Quant à la « zone franche » du Sinaï, les dirigeants du Caire n’y sont pas hostiles, à condition « qu’un plan de développement économique de Gaza ne se substitue pas à un plan diplomatique accepté par les Palestiniens ». « En résumé, constate un diplomate familier du dossier, les Égyptiens ne veulent pas d’un plan qui débarrasserait Israël du fardeau de Gaza, pour le charger sur leurs épaules. »

À ce parcours d’obstacles affronté par Jared Kushner et Jason Greenblatt lors de leur dernière visite dans la région, s’est ajoutée une difficulté supplémentaire lorsque les hommes de la Maison Blanche ont tenté d’insérer le Qatar dans leur dispositif en demandant à Doha de participer au financement du développement de Gaza.

Alors que l’Arabie saoudite, les Émirats et la plupart des autres monarchies du Golfe poursuivent leur stratégie de blocus diplomatique et économique du Qatar, accusé de complicité avec l’ennemi iranien, Washington a renforcé en janvier son « partenariat stratégique » avec l’émirat où il dispose de l’immense base de Al-Oudeid, plaque tournante et poste de commandement avancé du déploiement antiterroriste américain dans la région.

Jared Kushner a donc demandé à l’émir de participer au financement de la « zone franche » du Sinaï, ce qu’il a accepté. À la fureur de l’Arabie saoudite et des Émirats… Pour MBS et MBZ, une contribution du Qatar reviendrait, selon un analyste du Golfe, à « faire entrer l’Iran dans le projet par la porte de derrière ». Pour éviter cette intrusion, Saoudiens et Émiratis ont proposé de prendre à leur charge la totalité du budget envisagé – un milliard de dollars – si l’Égypte et Israël en étaient d’accord.

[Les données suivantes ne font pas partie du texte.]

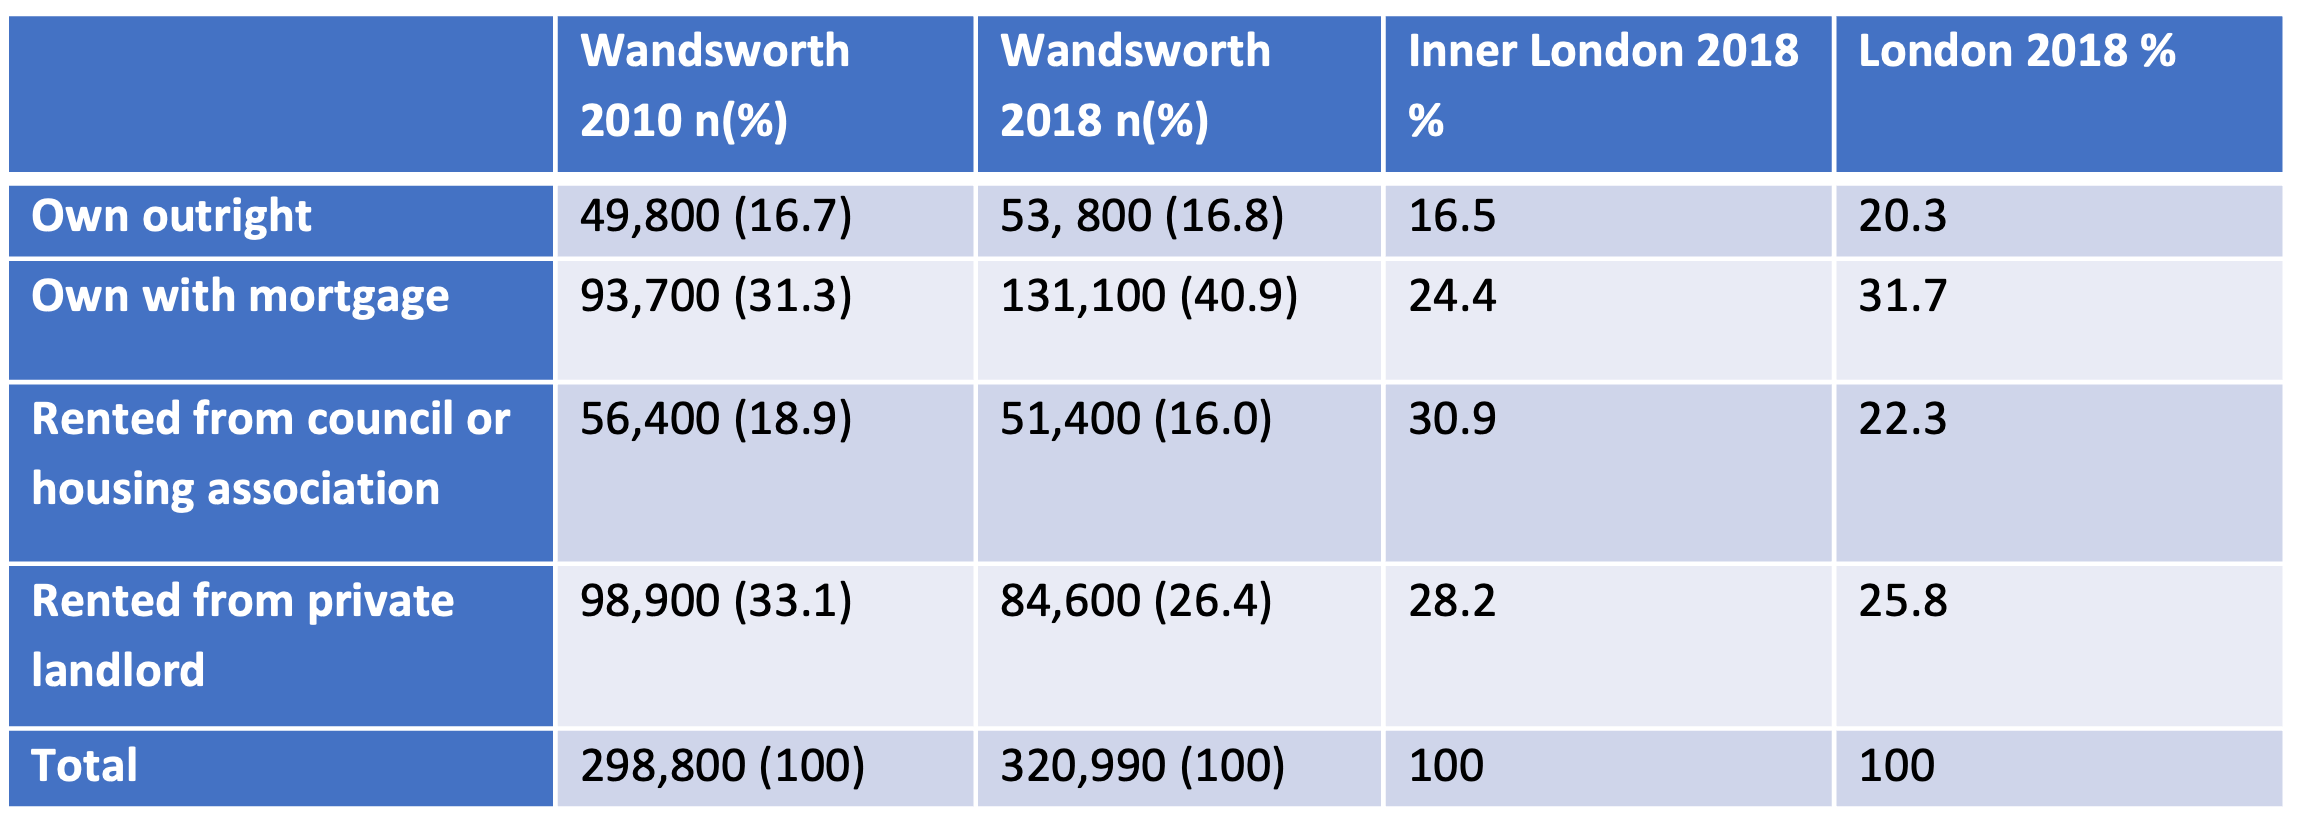 Tenure type of Wandsworth, Inner London and London residents in 2010 and 2018

Certes, l’Arabie saoudite et les Émirats sont riches, même si les deux pays restent engagés en Syrie, en Irak, et surtout au Yémen dans des opérations militaires interminables et coûteuses. Mais leur attitude face à la proposition du Qatar confirme que c’est leur hostilité à l’Iran et la volonté de préserver face à Téhéran l’alliance inédite qu’ils ont constituée avec les États-Unis et Israël qui est au centre de leur stratégie régionale. Et non la volonté de régler par une négociation loyale la vieille question de la Palestine.

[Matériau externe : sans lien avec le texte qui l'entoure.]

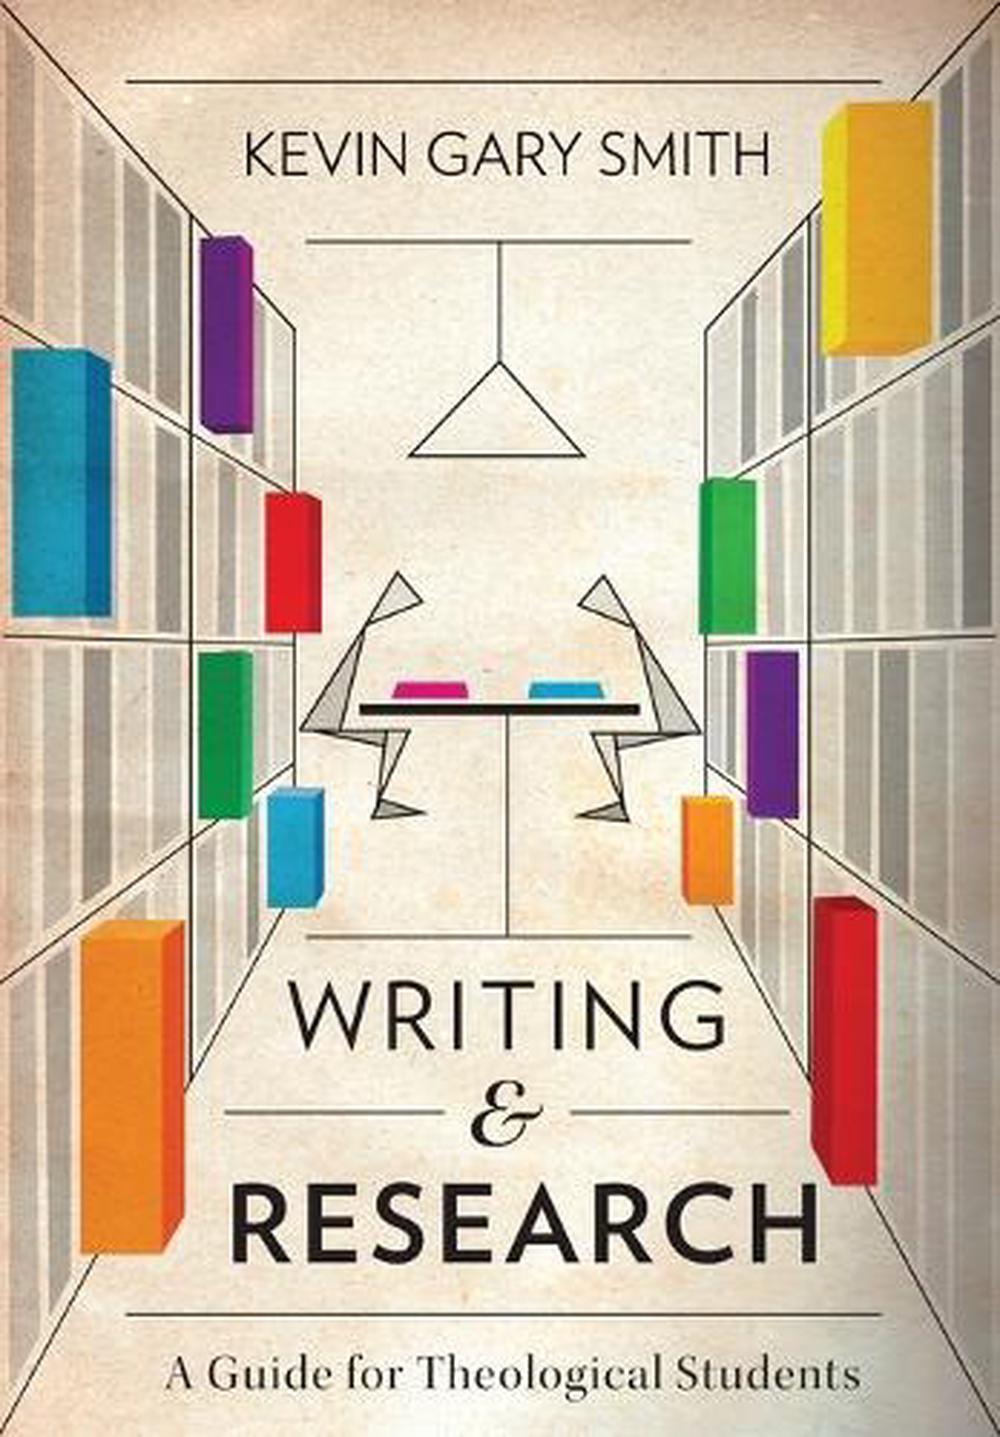 Writing and Research A Guide for Theological Students by Kevin Gary

Autour de Benjamin Netanyahou, tout se passe pour l’instant comme si les obstacles rencontrés, voire provoqués par le « plan Kushner », étaient mineurs et ne pourraient empêcher Trump de réaliser, prochainement, « l’accord du siècle » qu’il a promis. Lequel accord permettrait enfin d’en finir avec les revendications nationales des Palestiniens, ensevelies sous un déluge de dollars et anesthésiées par l’apparence au moins d’un décollage économique.

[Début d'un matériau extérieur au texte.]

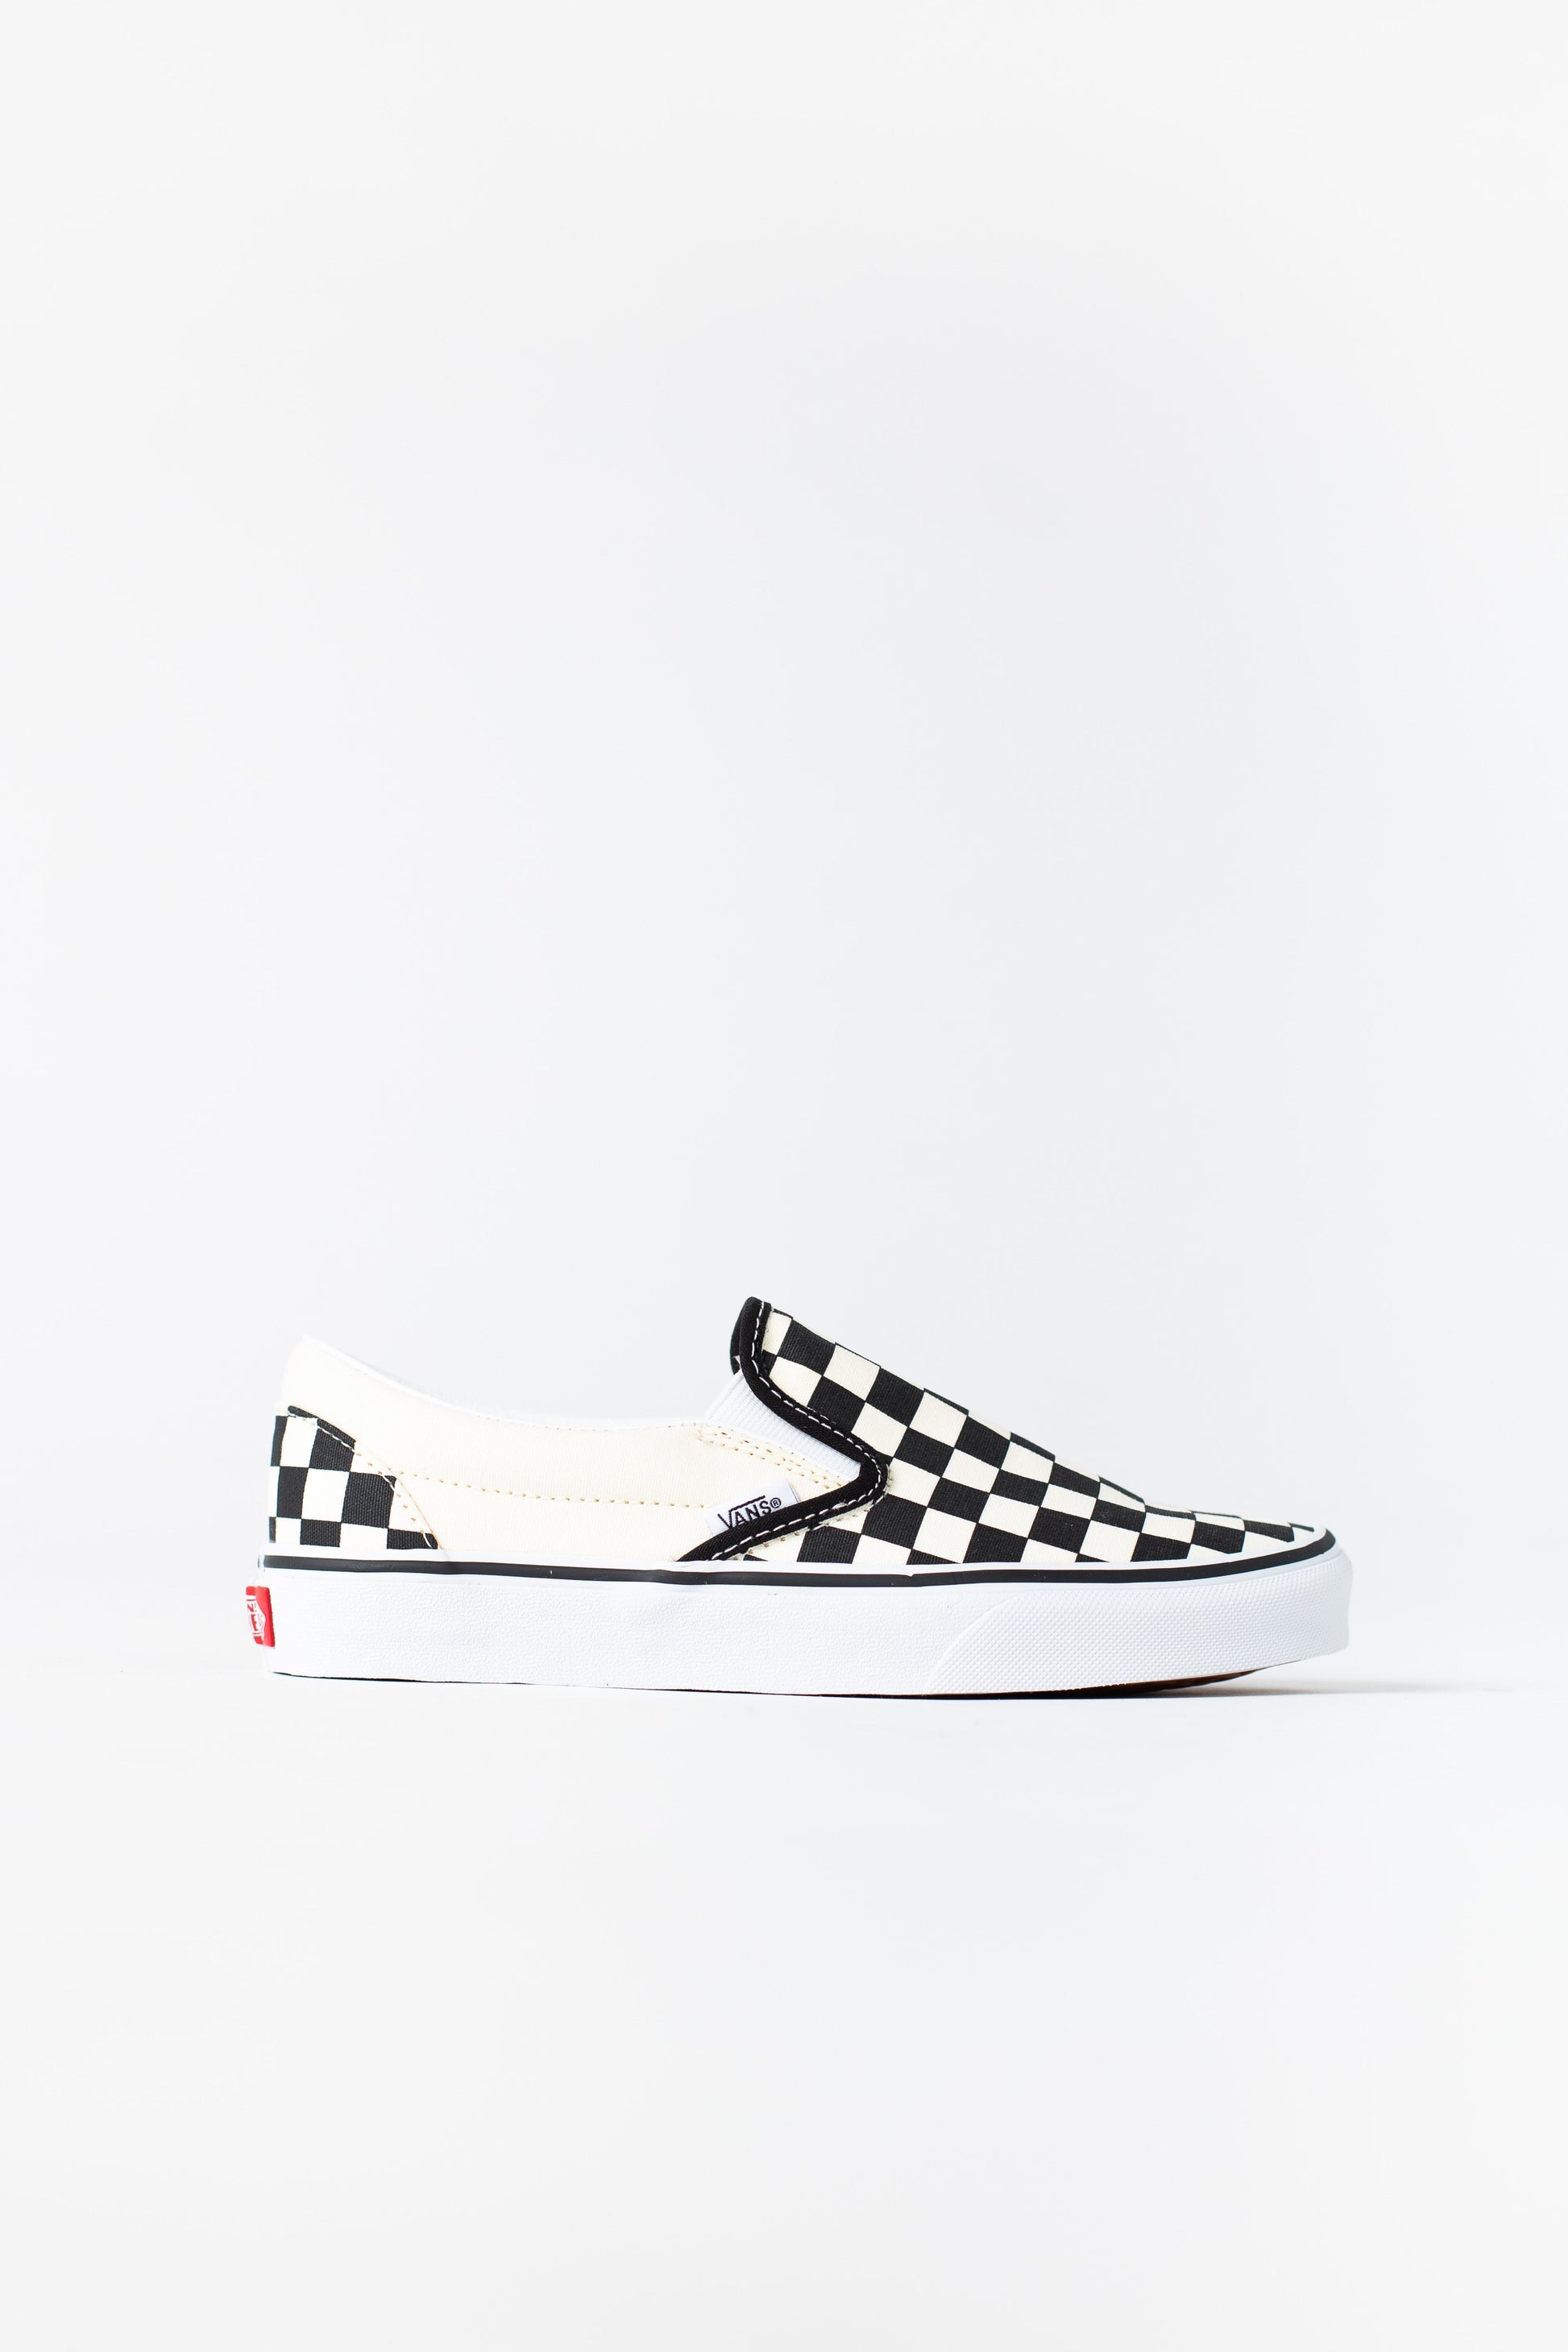 Vans Classic Checkerboard Slip-On Shoes– Mainland Skate & Surf

C’est en tout cas l’impression que les communicants du premier ministre veulent donner, à en juger par un article récent du quotidien Israël Hayom, selon lequel « l’Arabie saoudite, les Émirats arabes unis, l’Égypte et la Jordanie soutiendraient l’accord du siècle ». Plus gros tirage de la presse israélienne, ce quotidien gratuit a été créé en 2007 par le magnat américain des casinos Sheldon Adelson, pour soutenir la conquête du pouvoir par Netanyahou. C’est dire si on peut se fier à ses analyses ! En réalité, alors que le premier ministre israélien est menacé par plusieurs affaires de corruption, harcelé par le chef de l’aile droite de sa majorité, Naftali Bennett, ministre de l’éducation et de la diaspora, élu des colons nationalistes religieux, qui guette ses faux pas, ce titre d’Israël Hayom, en contradiction assez large avec la réalité du moment, nous renseigne surtout sur l’inquiétude de Netanyahou.

Que se passera-t-il demain si Mahmoud Abbas maintient son refus des inacceptables propositions de Kushner et si plusieurs pays arabes, pour des raisons qui leur appartiennent en propre, continuent de manifester leurs réserves ou leur désaccord avec cet enterrement de l’espoir palestinien ? Un accord de paix aussi déséquilibré ne s’impose ni par l’argent, ni par la force. Trump et les siens sont en train de le découvrir.